# Advanced HTML Parser
We need in most times instead of searching for what we want, exclude what we don't want until we get to our desire data. One way to do so is to filter our parser by CSS class.


In [1]:
from urllib.request import urlopen
from bs4 import BeautifulSoup
html = urlopen('http://www.pythonscraping.com/pages/warandpeace.html')
bs = BeautifulSoup(html, "html.parser")

In [2]:
nameList = bs.findAll('span', {'class': 'green'})
for name in nameList:
    print(name.get_text())

Anna
Pavlovna Scherer
Empress Marya
Fedorovna
Prince Vasili Kuragin
Anna Pavlovna
St. Petersburg
the prince
Anna Pavlovna
Anna Pavlovna
the prince
the prince
the prince
Prince Vasili
Anna Pavlovna
Anna Pavlovna
the prince
Wintzingerode
King of Prussia
le Vicomte de Mortemart
Montmorencys
Rohans
Abbe Morio
the Emperor
the prince
Prince Vasili
Dowager Empress Marya Fedorovna
the baron
Anna Pavlovna
the Empress
the Empress
Anna Pavlovna's
Her Majesty
Baron
Funke
The prince
Anna
Pavlovna
the Empress
The prince
Anatole
the prince
The prince
Anna
Pavlovna
Anna Pavlovna


**When to get_text() and When to Preserve Tags**

 .get_text() strips all tags from the document you are working with and returns a Unicode string containing the text only. For example, if you are working with a large block of text that contains many hyperlinks, paragraphs, and other tags, all those will be stripped away, and you’ll be left with a tagless block of text.
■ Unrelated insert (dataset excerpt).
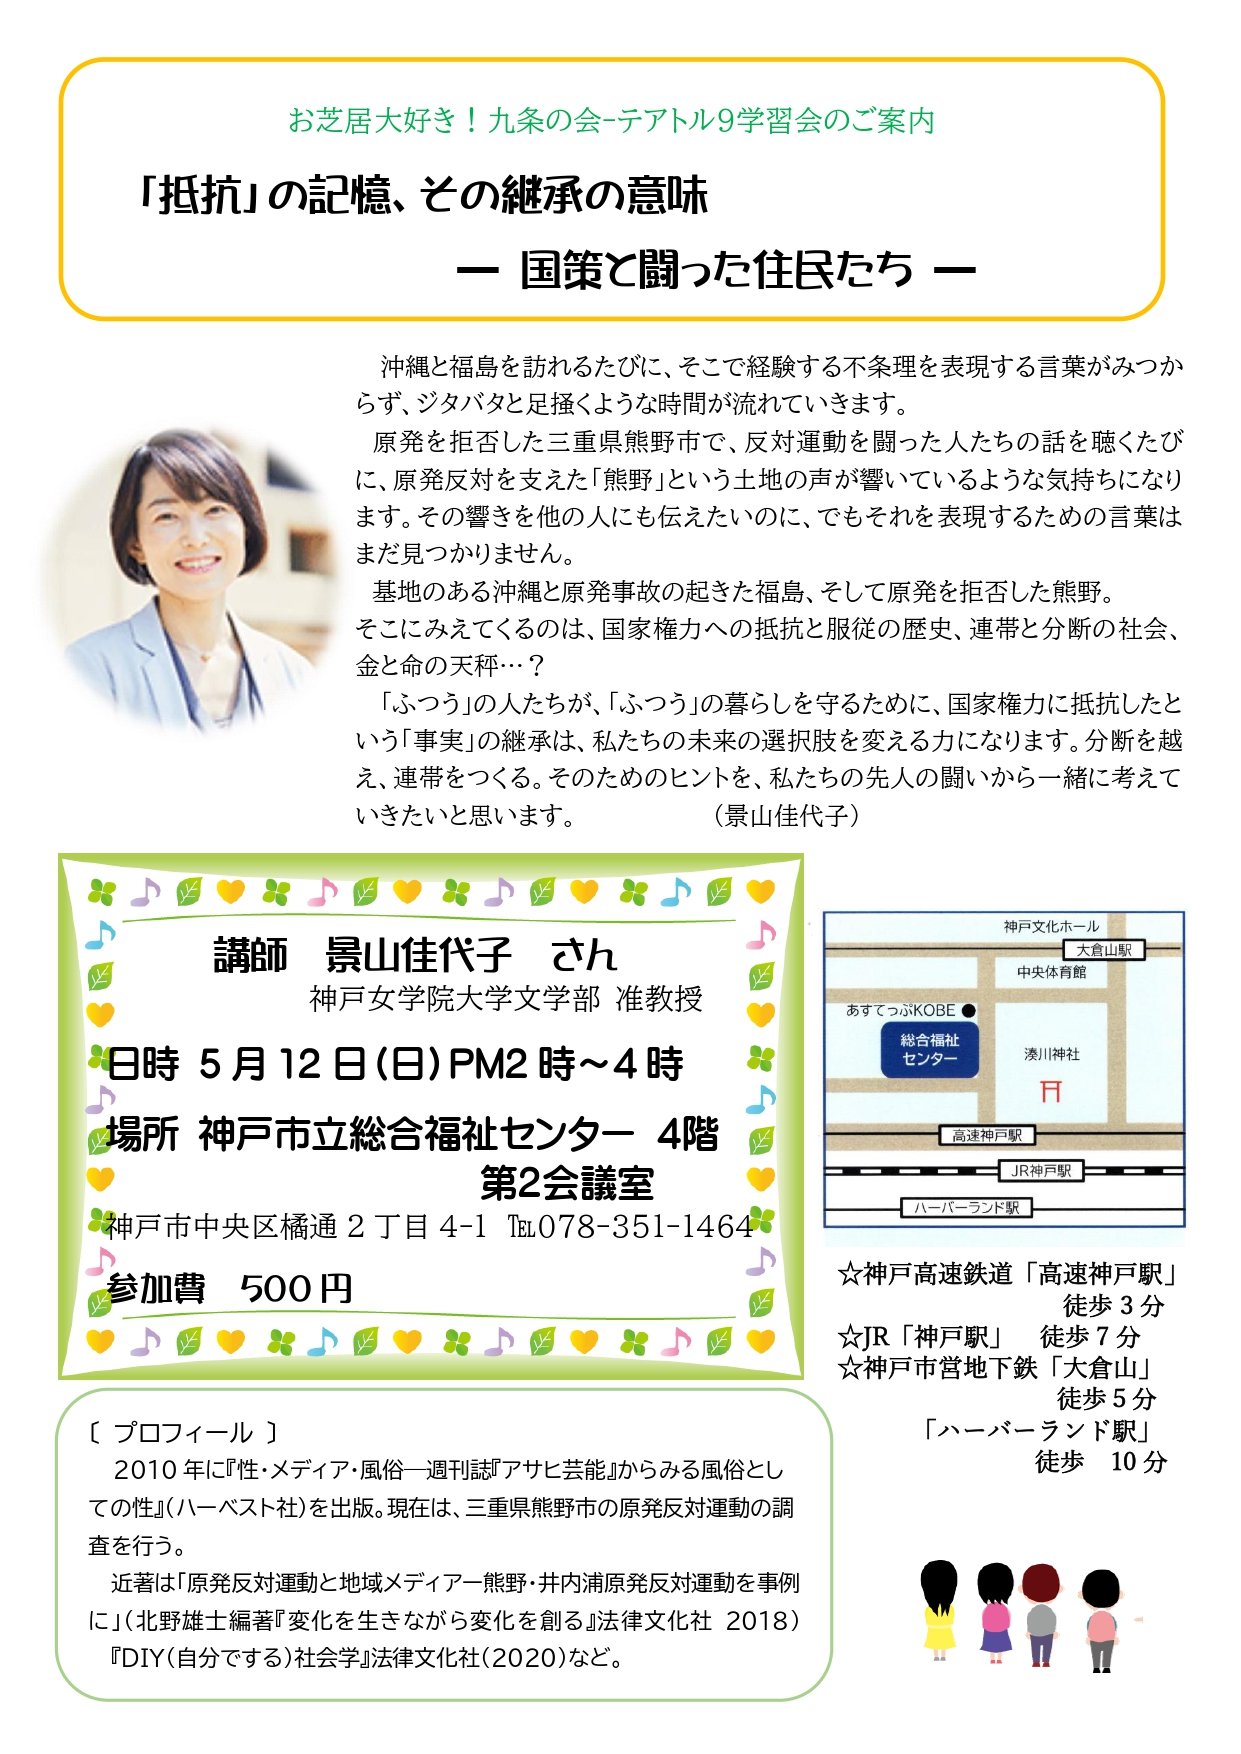 5月12日学習会案内 (2)_page-0001 (1).jpg

Keep in mind that it’s much easier to find what you’re looking for in a BeautifulSoup object than in a block of text. Calling .get_text() should always be the last thing you do, immediately before you print, store, or manipulate your final data. In general, you should try to preserve the tag structure of a document as long as possible.

## find() and find_all() functions

Probably the two most used functions in BeautifulSoup. They are extremely similar. Let`s look at their arguments?


find_all(tag, attributes, recursive, text, limit, keywords)
find(tag, attributes, recursive, text, keywords)

- tag: all tags you want to search - `.find_all(['h1', 'h2'])`
- attributes: takes a dictionary of attributes and matches tags that contain any one of those attributes `.find_all('span', {'class':{'green', 'red'}})`
- recursive: if True, finds all children and children's children for tags that match your parameters.
- text: looks for similar text content
- limit: is used only in find_all method to limit the number of tags found
- id: select tags that contain a particular attribute - `find_all(id='title')`

## Other BS objects
So far in the book, you’ve seen two types of objects in the BeautifulSoup library: 


- BeautifulSoup objects: Instances seen in previous code examples as the variable bs 
- Tag objects: Retrieved in lists, or retrieved individually by calling find and find_all on a BeautifulSoup object, or drilling down, as follows: bs.div.h1 


However, there are two more objects in the library that, although less commonly used, are still important to know about: 


- NavigableString objects: Used to represent text within tags, rather than the tags themselves (some functions operate on and produce NavigableStrings, rather than tag objects). 
- Comment object Used to find HTML comments in comment tags, <!--like this one-->.

## Navigating through trees

The find_all function is responsible for finding tags based on their name and attributes. But what if you need to find a tag based on its location in a document? That’s where tree navigation comes in handy.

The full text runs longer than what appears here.